* **Exercise prompt**:
Each line in the data holding "chairs" should be listed.
::::::::
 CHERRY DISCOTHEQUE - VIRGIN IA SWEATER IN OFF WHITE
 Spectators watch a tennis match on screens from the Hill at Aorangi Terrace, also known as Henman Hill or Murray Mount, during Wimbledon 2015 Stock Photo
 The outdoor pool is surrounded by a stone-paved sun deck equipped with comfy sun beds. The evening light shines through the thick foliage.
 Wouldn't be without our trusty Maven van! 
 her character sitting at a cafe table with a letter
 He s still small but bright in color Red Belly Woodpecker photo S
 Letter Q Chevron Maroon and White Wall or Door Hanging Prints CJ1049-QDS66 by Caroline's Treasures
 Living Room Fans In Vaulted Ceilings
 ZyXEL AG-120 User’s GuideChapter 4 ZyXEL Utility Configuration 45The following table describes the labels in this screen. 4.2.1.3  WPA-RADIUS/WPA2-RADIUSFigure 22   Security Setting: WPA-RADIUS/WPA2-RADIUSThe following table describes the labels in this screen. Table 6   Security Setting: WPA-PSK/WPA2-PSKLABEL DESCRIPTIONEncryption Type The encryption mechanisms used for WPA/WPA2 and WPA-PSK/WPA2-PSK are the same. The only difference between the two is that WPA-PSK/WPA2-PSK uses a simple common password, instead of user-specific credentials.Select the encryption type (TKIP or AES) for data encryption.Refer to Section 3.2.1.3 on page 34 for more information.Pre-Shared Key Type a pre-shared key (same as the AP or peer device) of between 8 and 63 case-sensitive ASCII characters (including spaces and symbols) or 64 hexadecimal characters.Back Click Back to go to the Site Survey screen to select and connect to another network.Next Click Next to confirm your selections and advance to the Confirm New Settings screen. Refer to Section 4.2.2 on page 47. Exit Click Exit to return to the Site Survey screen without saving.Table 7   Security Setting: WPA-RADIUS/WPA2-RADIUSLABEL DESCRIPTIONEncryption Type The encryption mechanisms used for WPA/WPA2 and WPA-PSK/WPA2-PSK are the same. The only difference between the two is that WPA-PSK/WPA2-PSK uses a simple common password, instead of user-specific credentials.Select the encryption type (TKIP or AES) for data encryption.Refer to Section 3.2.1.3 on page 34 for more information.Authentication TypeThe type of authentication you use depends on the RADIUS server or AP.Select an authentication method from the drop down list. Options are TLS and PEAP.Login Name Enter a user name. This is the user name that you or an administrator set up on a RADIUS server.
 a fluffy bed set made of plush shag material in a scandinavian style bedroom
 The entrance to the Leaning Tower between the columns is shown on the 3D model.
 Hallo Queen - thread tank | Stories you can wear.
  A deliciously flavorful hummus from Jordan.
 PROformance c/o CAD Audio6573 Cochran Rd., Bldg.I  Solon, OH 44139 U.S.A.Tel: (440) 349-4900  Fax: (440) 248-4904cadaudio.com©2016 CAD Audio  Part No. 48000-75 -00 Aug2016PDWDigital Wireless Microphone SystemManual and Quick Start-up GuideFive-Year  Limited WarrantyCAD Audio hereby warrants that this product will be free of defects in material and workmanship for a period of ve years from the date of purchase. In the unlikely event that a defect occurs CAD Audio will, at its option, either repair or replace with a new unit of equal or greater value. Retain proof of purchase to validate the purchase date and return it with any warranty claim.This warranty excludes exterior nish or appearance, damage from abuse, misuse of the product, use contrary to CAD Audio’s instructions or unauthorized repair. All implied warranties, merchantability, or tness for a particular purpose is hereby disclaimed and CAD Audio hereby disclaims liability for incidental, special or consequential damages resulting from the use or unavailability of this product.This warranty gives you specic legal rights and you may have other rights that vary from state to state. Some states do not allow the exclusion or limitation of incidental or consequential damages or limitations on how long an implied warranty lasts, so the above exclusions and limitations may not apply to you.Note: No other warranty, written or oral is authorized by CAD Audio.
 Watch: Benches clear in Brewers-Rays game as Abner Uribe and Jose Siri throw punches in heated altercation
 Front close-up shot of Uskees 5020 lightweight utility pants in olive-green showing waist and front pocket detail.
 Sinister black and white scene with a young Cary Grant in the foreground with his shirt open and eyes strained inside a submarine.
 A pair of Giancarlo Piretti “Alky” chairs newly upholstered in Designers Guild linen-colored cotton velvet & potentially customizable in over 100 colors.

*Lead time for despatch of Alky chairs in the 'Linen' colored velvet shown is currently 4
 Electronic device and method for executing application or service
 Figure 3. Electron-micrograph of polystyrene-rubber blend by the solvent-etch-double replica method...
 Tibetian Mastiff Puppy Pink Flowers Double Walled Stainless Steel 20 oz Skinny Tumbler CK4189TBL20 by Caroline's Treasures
::::::::
* **Exercise answer**:
 A pair of Giancarlo Piretti “Alky” chairs newly upholstered in Designers Guild linen-colored cotton velvet & potentially customizable in over 100 colors.
*Lead time for despatch of Alky chairs in the 'Linen' colored velvet shown is currently 4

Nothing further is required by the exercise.